State meteorologists in Norway have extended their “red alert” tied to the extreme weather that’s been ravaging central and southern parts of the country. “We’re still expecting lots of rain,” they wrote, and that can set off more landslides and flooding.

Landslides like these in Romsdal started even before the extreme weather system known as “Hans” descended on Norway during the weekend. PHOTO: Luftforsvaret/Hovedredningssentralen

On Tuesday afternoon another landslide set off by torrential rain crashed through a residential neighbourhood in Bagn in Valdres, located on the main E16 highway connecting Oslo and Bergen. One house was swept off its foundation, according to the local newspaper Avisa Valdres, while aerial photos showed other damage to homes in the path of all the mud and uprooted trees.

Damage estimates, meanwhile, are already estimated to exceed NOK 200 million, according to insurance firm Gjensidige, which had received more than 500 individual claims by Tuesday morning. “It’s still early, and the final damage toll can be much higher,” Line Marcelius of Gjensidige told news bureau NTB.

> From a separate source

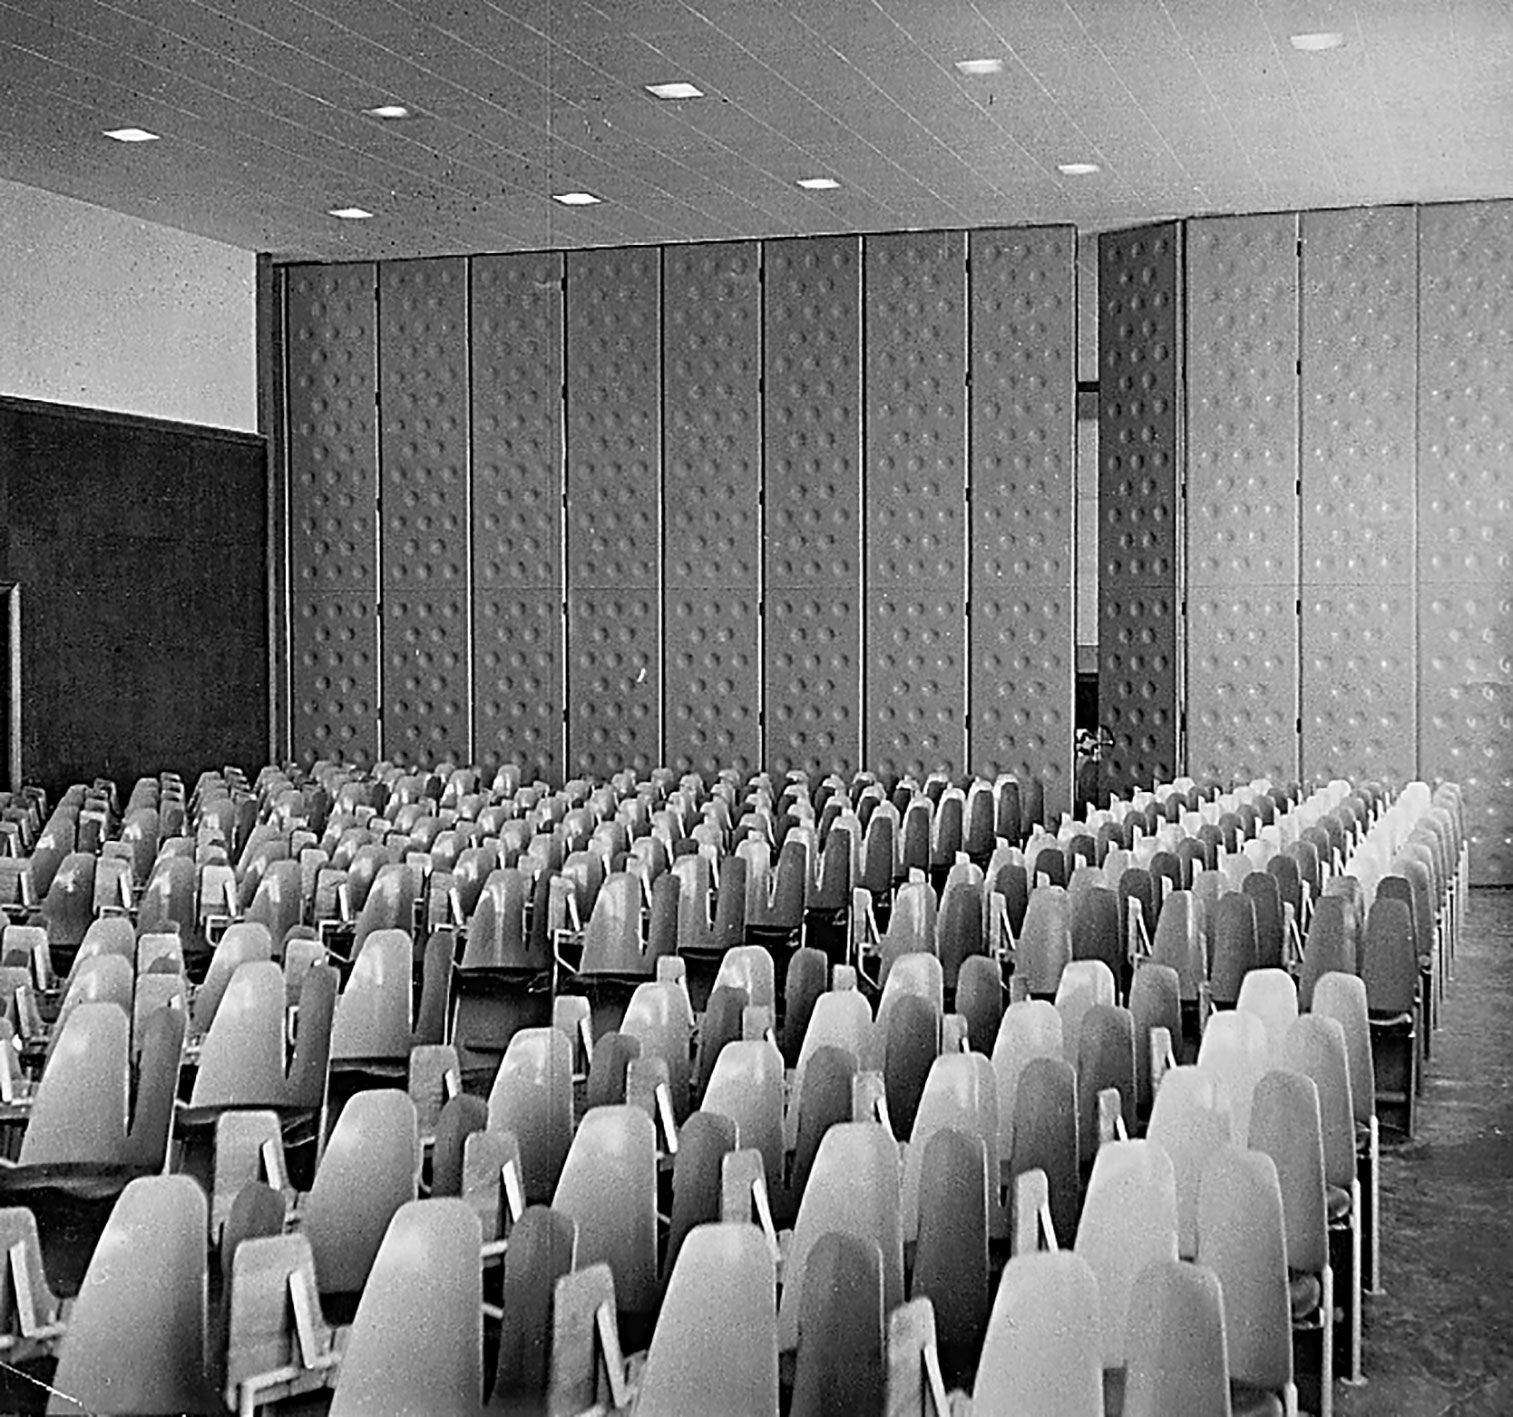 Université d’Aix-Marseille, faculté de droit (F. Pouillon, arch., 1950). Salle de conférences aménagée avec des fauteuils d’amphithéâtre dits Bergères.

Most of the damage claims are coming from home- and business owners, after the extreme weather system known as “Hans” continued to literally storm through areas from south of Oslo and northwards through Hadeland, Romerike, Valdres, Hallingdal and beyond to Trøndelag. Scores of residents of Gran, Østre Toten, Søndre Land, Nordre Land, Nord-Aurdal and Vang have been evacuated because of flooding and, most recently, sudden landslides in the middle of the night.

An asylum center at Vang in Valdres was also evacuated during the night after a nearby river overran its banks and surround the building. Residents, mostly from Ukraine, were moved to a hotel in Fagernes. Meteorologists told NTB that the amount of rain pouring down on Vang in the preceding 24 hours was more than what’s normally registered during the entire month of August.

Residents of several homes in Lillestrøm, just northeast of Oslo, were also evacuated after flooding and more than 15 roads were closed in the large county of Innlandet. Police were urging residents against driving because of ongoing threats of more flooding and landslides. “Out of consideration to public security, it’s important to have the least amount of vehicles on the roads as possible,” Aud Risen, transport chief for the country of Innlandet, told NTB.

A new slide closed Highway 50 at Holsfjorden in the valley of Hallingdal on Tuesday, following an earlier slide near Fagernes onto the main E16 highway connecting Eastern and Western Norway.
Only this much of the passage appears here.